-------- PROVIDED MATERIAL

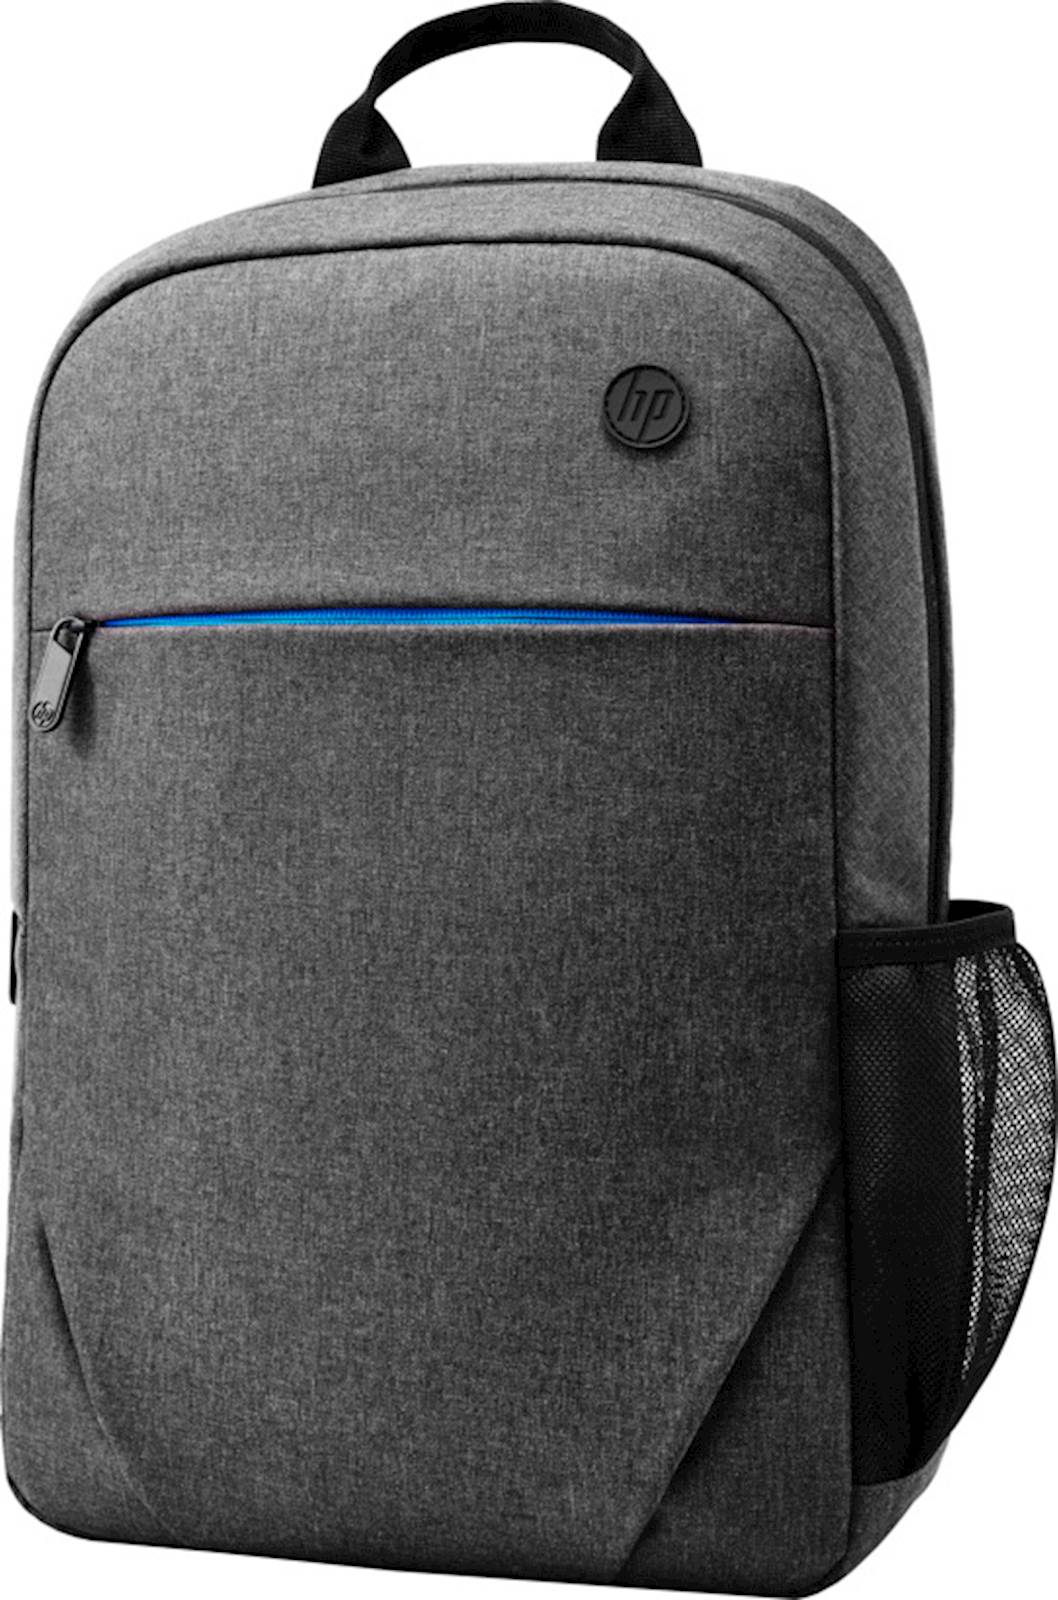 Ruksak HP Prelude 15.6 Backpack
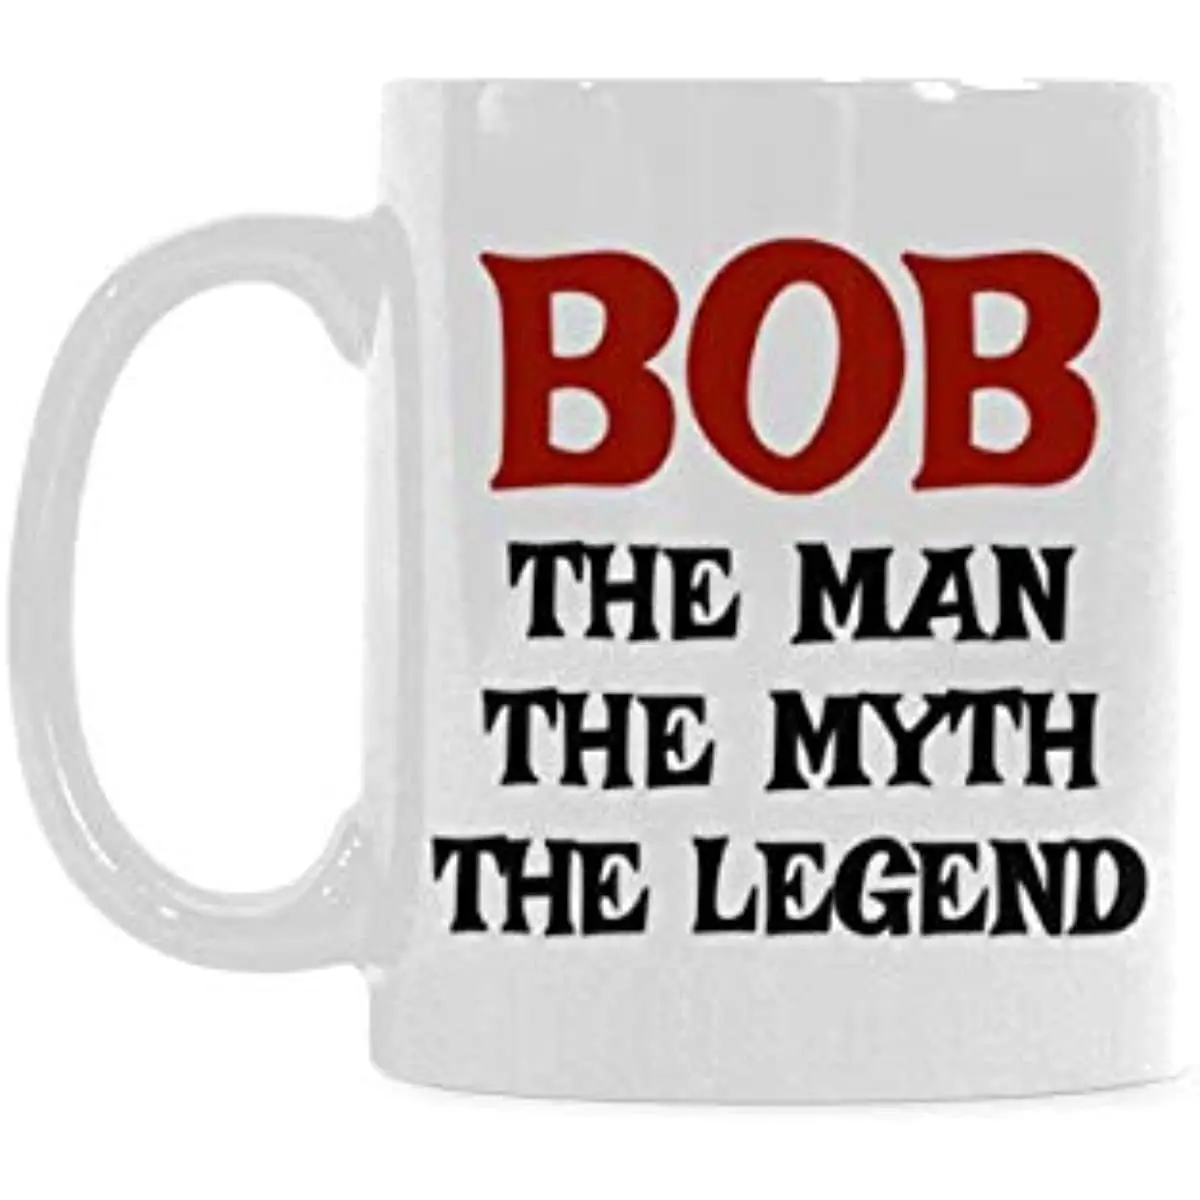 

Забавная кружка для кофе или офисных чашек с изображением Боба, человека, легенды о легенде, для забавного Боба, Подарочная кружка
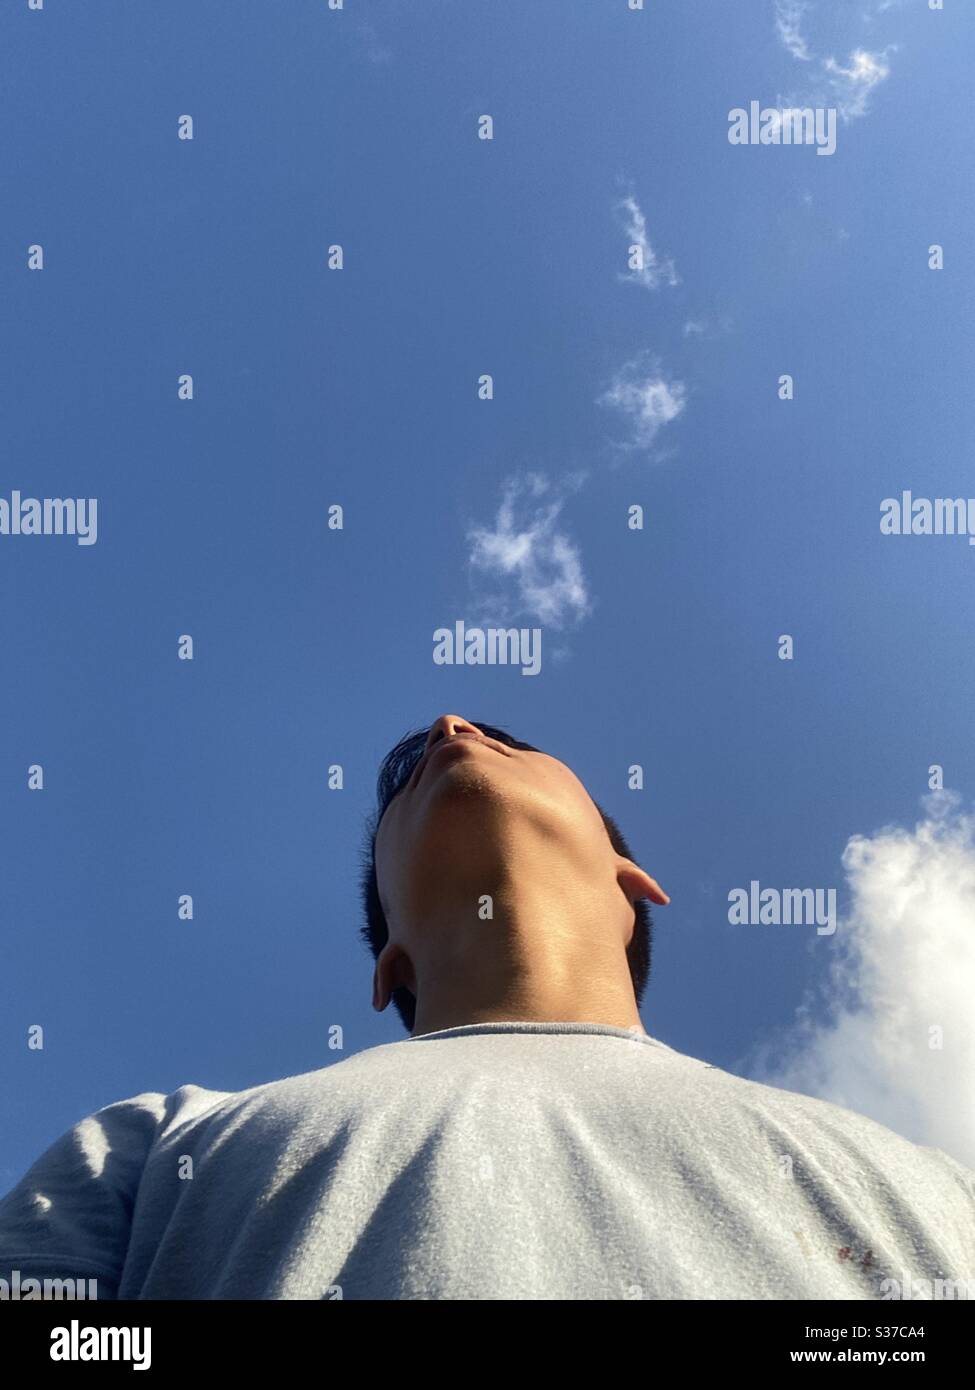 Joven con un cielo despejado demostrando interés de estar solo en un espacio confuso Stock Photo

----------------

▶ _EXERCISE BRIEF_: Once the pictures are dropped, please print every remaining line of the material verbatim.

▶ _OUTPUT BELOW_:
 Ruksak HP Prelude 15.6 Backpack

Забавная кружка для кофе или офисных чашек с изображением Боба, человека, легенды о легенде, для забавного Боба, Подарочная кружка
 Joven con un cielo despejado demostrando interés de estar solo en un espacio confuso Stock Photo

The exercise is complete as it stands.